Ternary ZnCo2O4 Nanowire Electrode Materials for High-Capacitance and Flexible Electrochemical Capacitors

Spinel-structured oxides are promising candidates for supercapacitor electrodes owing to their features of low price and environmental friendliness. However, their large-scale applications are restricted in view of their low energy density and electrical conductivity. In this work, we synthesize wire-like ZnCo2O4 nanomaterials by a facile hydrothermal avenue and a subsequent calcination process. The prepared samples possess a large specific surface area, which is beneficial for increasing active sites and shortening the ion diffusion channels. The as-assembled asymmetric supercapacitor delivers an energy density of 64 Wh kg(-1) at 2880 W kg(-1). And the capacitance can be maintained at 85% after 10,000 cycles at the current density of 2 A g(-1).
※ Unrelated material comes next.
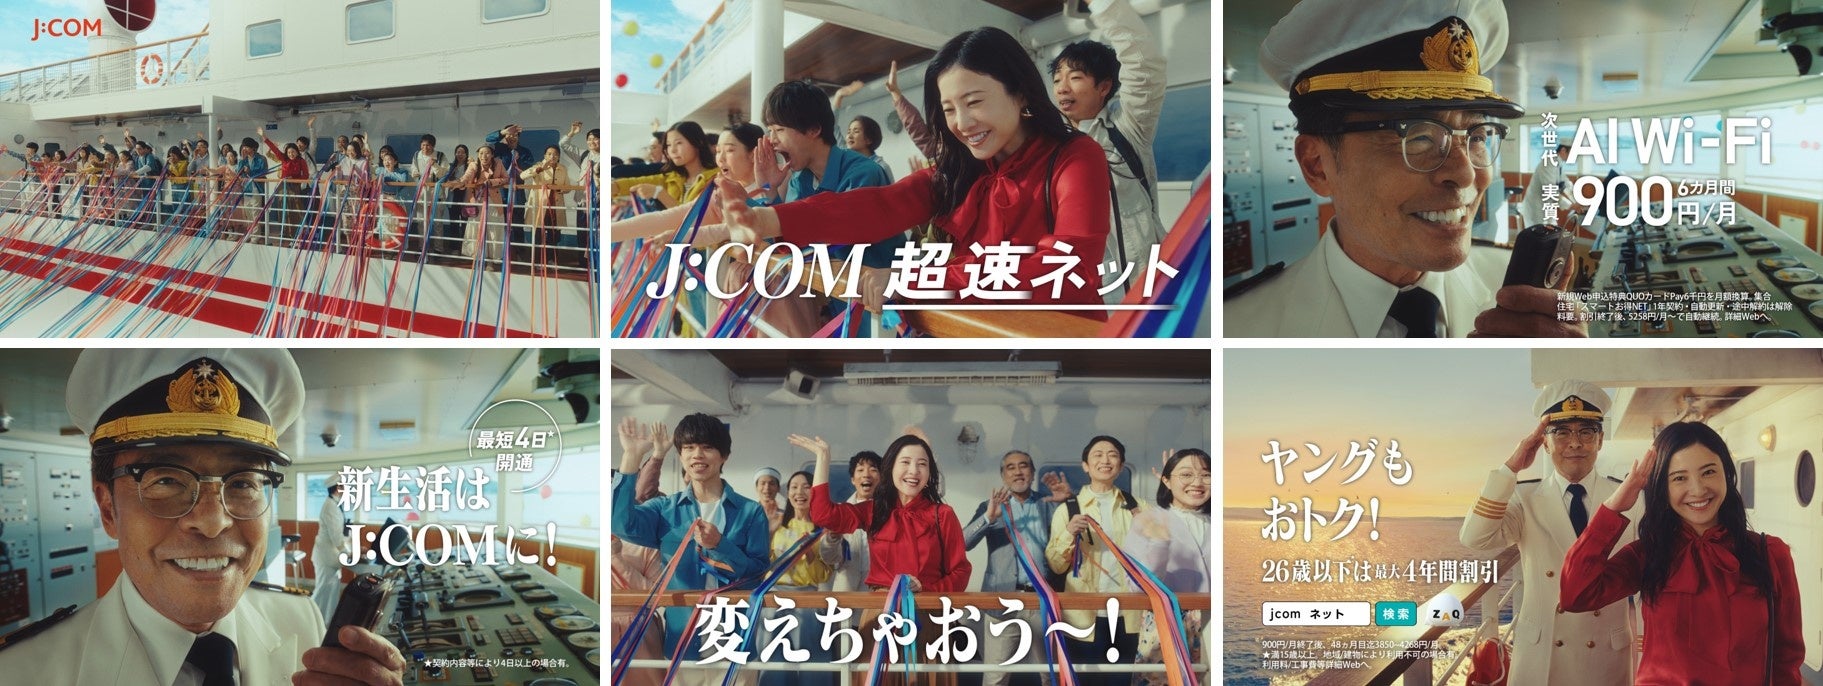 【JCOM】吉高由里子さん、光石研さん出演の新テレビCM「船出篇」を放映開始

The device indicates excellent mechanical stability when bending various angles, revealing its potential application in portable energy storage devices.

Automated summary

In this study, wire-like ZnCo2O4 nanomaterials were synthesized through a hydrothermal route and subsequent calcination process. The samples exhibited a large specific surface area, which increased the active sites and shortened the ion diffusion channels. The assembled supercapacitor showed an energy density of 64 Wh kg(-1) at 2880 W kg(-1), and the capacitance could be maintained at 85% after 10,000 cycles at a current density of 2 A g(-1). The device demonstrated excellent mechanical stability when bent at various angles, indicating its potential application in portable energy storage devices.